Fazello  = Stessa pagina (Questo Promontorio fu domandato Peloro da un Nocchiero, il quale fu quivi da Annibale ammazzato e sepolto, perchè fuggendo Annibale dai romani vittoriosi, e partendosi da Pertilia, castel della Luca­nia, per venirsene in Africa e guardando i liti da lontano e non gli parendo divisi, ma ap­piccati insieme e pensando es­sere tradito da questo Peloro, suo Nocchiero, l'ammazzò e quivi lo fece sotterrare.

 

Omodei: come fermamente  stimando Annibale, cartaginese, fuggendo la potenza dei Roma­ni dalla città Pitilia, (oggi Belcastro nella Magna Grecia) e veggendosi quivi guidato da Peloro, sua guida, l'uccise sti­mandosi tradito e ridotto in luogo serrato.

 

Parlano di Anasila, tiranno di Messina e della sua ­giustizia.

 

pag. 65. Fazello:

 

solamente Anasila reggeva la città di Messina con somma prudenza e giustizia.

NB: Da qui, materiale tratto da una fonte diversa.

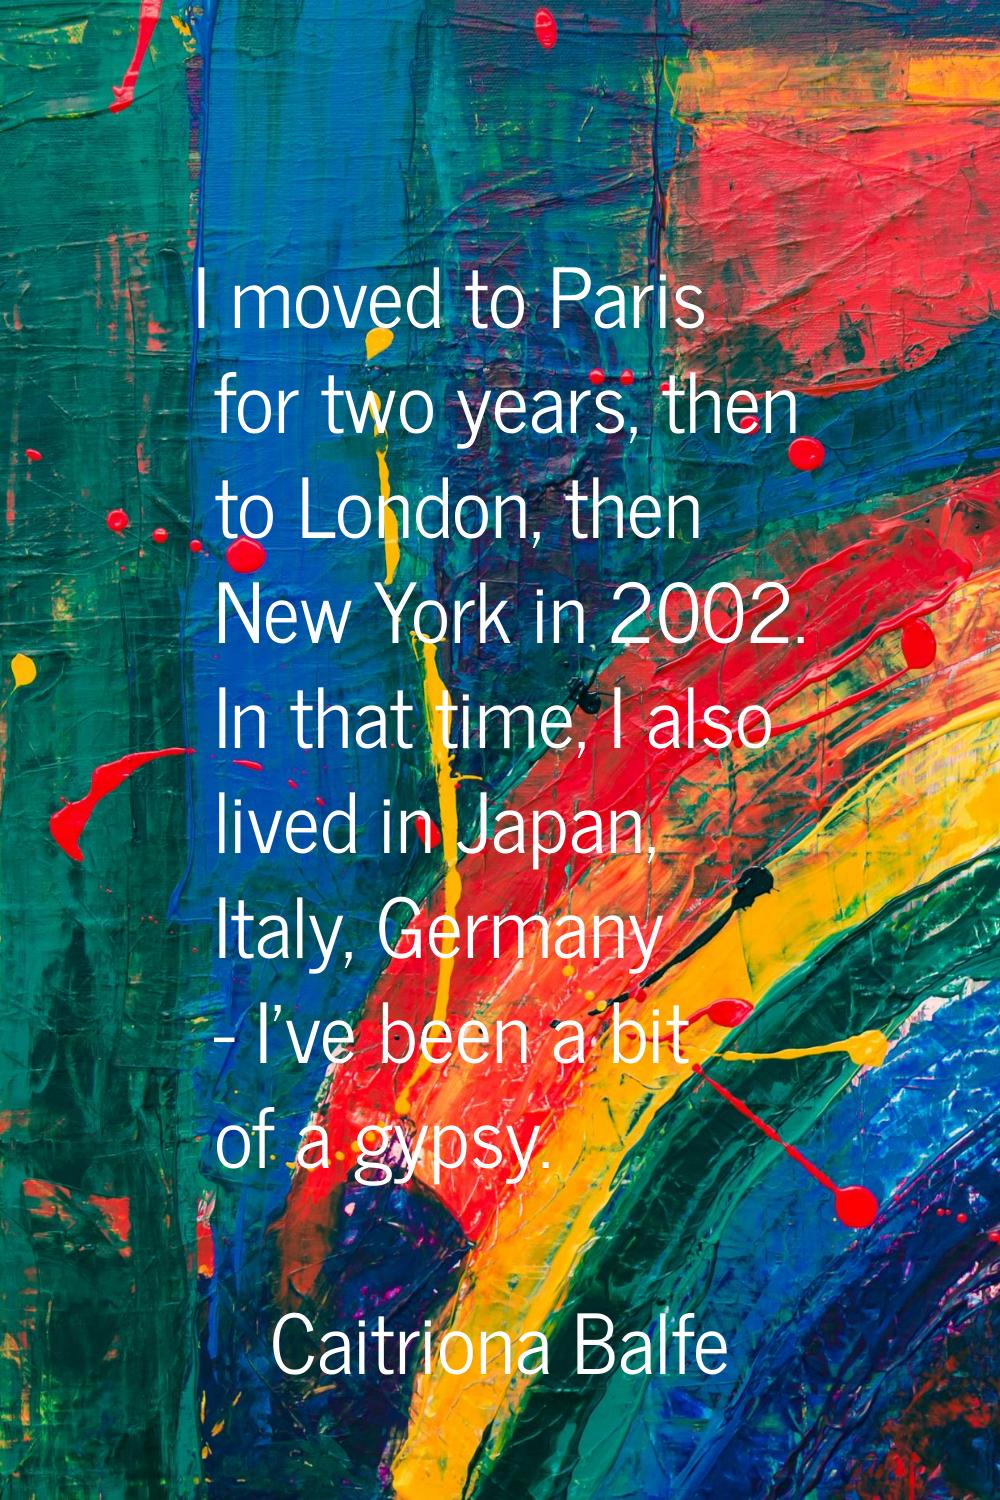 I moved to Paris for two years, then to London, then New York in 2002. In that time, I also lived i

Morto Anasila gli successe Micito, come tutore dei pupilli e si portò con tanta prudenza e tanta fede, ch' ei fece di maniera, che nessuno per 1'avvenire s'ebbe a vergognare più del nonie di tiranno-.

 

pag. 20. Omodei:

 

La qual città, per industria d'Anasila, che diligentemente osservò la giustizia e con som­ma prudenza governava là re­pubblica, divenne potente.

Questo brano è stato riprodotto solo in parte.